The success of Flash Attention also highlights a broader truth: breakthrough performance improvements often come from questioning assumptions. Everyone “knew” that attention was compute-bound. Everyone “knew” that storing intermediate values was better than recomputing them. Flash Attention proved everyone wrong, and in doing so, enabled the current generation of long-context language models that are transforming AI applications.

The memory wall that seemed insurmountable in 2021 has been broken. Not by approximation, not by new hardware, but by three mathematical tricks and a deep understanding of the machine.

References

  1. Dao, T., Fu, D. Y., Ermon, S., Rudra, A., & Ré, C. (2022). FlashAttention: Fast and Memory-Efficient Exact Attention with IO-Awareness. arXiv preprint arXiv:2205.14135.

    • The original Flash Attention paper that introduced the tiling and online softmax algorithms.
  2. Dao, T. (2023). FlashAttention-2: Faster Attention with Better Parallelism and Work Partitioning. arXiv preprint arXiv:2307.08691.

    • The follow-up paper detailing the algorithmic improvements in Flash Attention-2.
  3. Vaswani, A., Shazeer, N., Parmar, N., Uszkoreit, J., Jones, L., Gomez, A. N., … & Polosukhin, I. (2017). Attention is All You Need. Advances in neural information processing systems, 30.

    • The foundational Transformer paper that introduced the self-attention mechanism.
  4. Rabe, M. N., & Staats, C. (2021). Self-attention Does Not Need O(n²) Memory. arXiv preprint arXiv:2112.05682.

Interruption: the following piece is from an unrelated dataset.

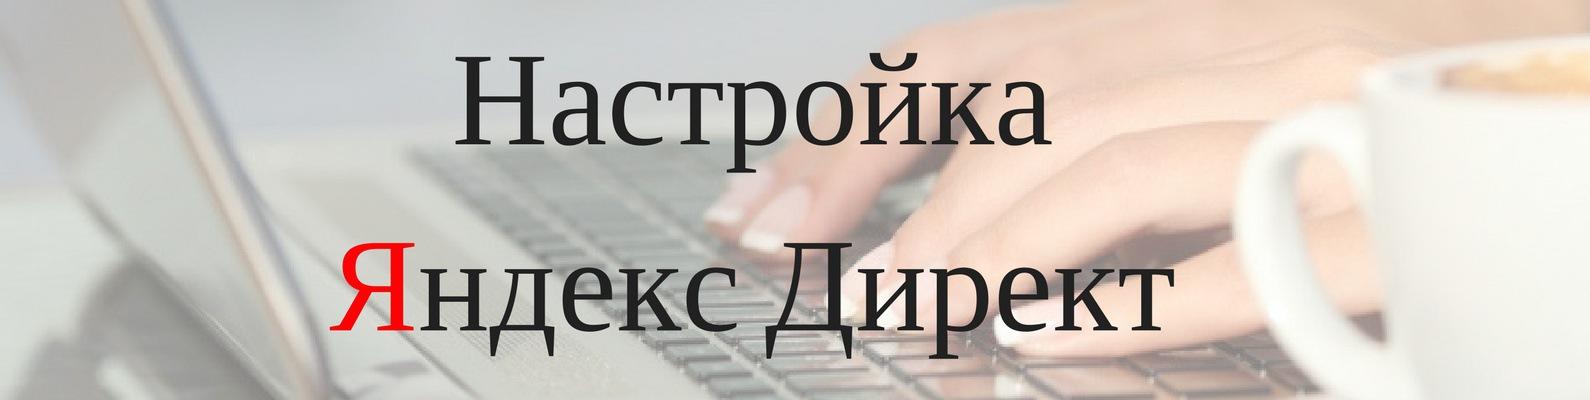 Настройка Яндекс.Директ в Москве

    • Important theoretical work on memory-efficient attention computation that influenced Flash Attention’s development.
  5. Milakov, M., & Gimelshein, N. (2018). Online normalizer calculation for softmax. arXiv preprint arXiv:1805.02867.

    • Mathematical foundation for the online softmax algorithm used in Flash Attention.
  6. Child, R., Gray, S., Radford, A., & Sutskever, I. (2019). Generating Long Sequences with Sparse Transformers. arXiv preprint arXiv:1904.10509.

    • Representative work on sparse attention that, despite reducing FLOPs, often failed to deliver wall-clock speedups.
  7. NVIDIA. (2020). NVIDIA A100 Tensor Core GPU Architecture. NVIDIA Corporation.

    • Technical specifications of the A100 GPU architecture that Flash Attention was optimized for.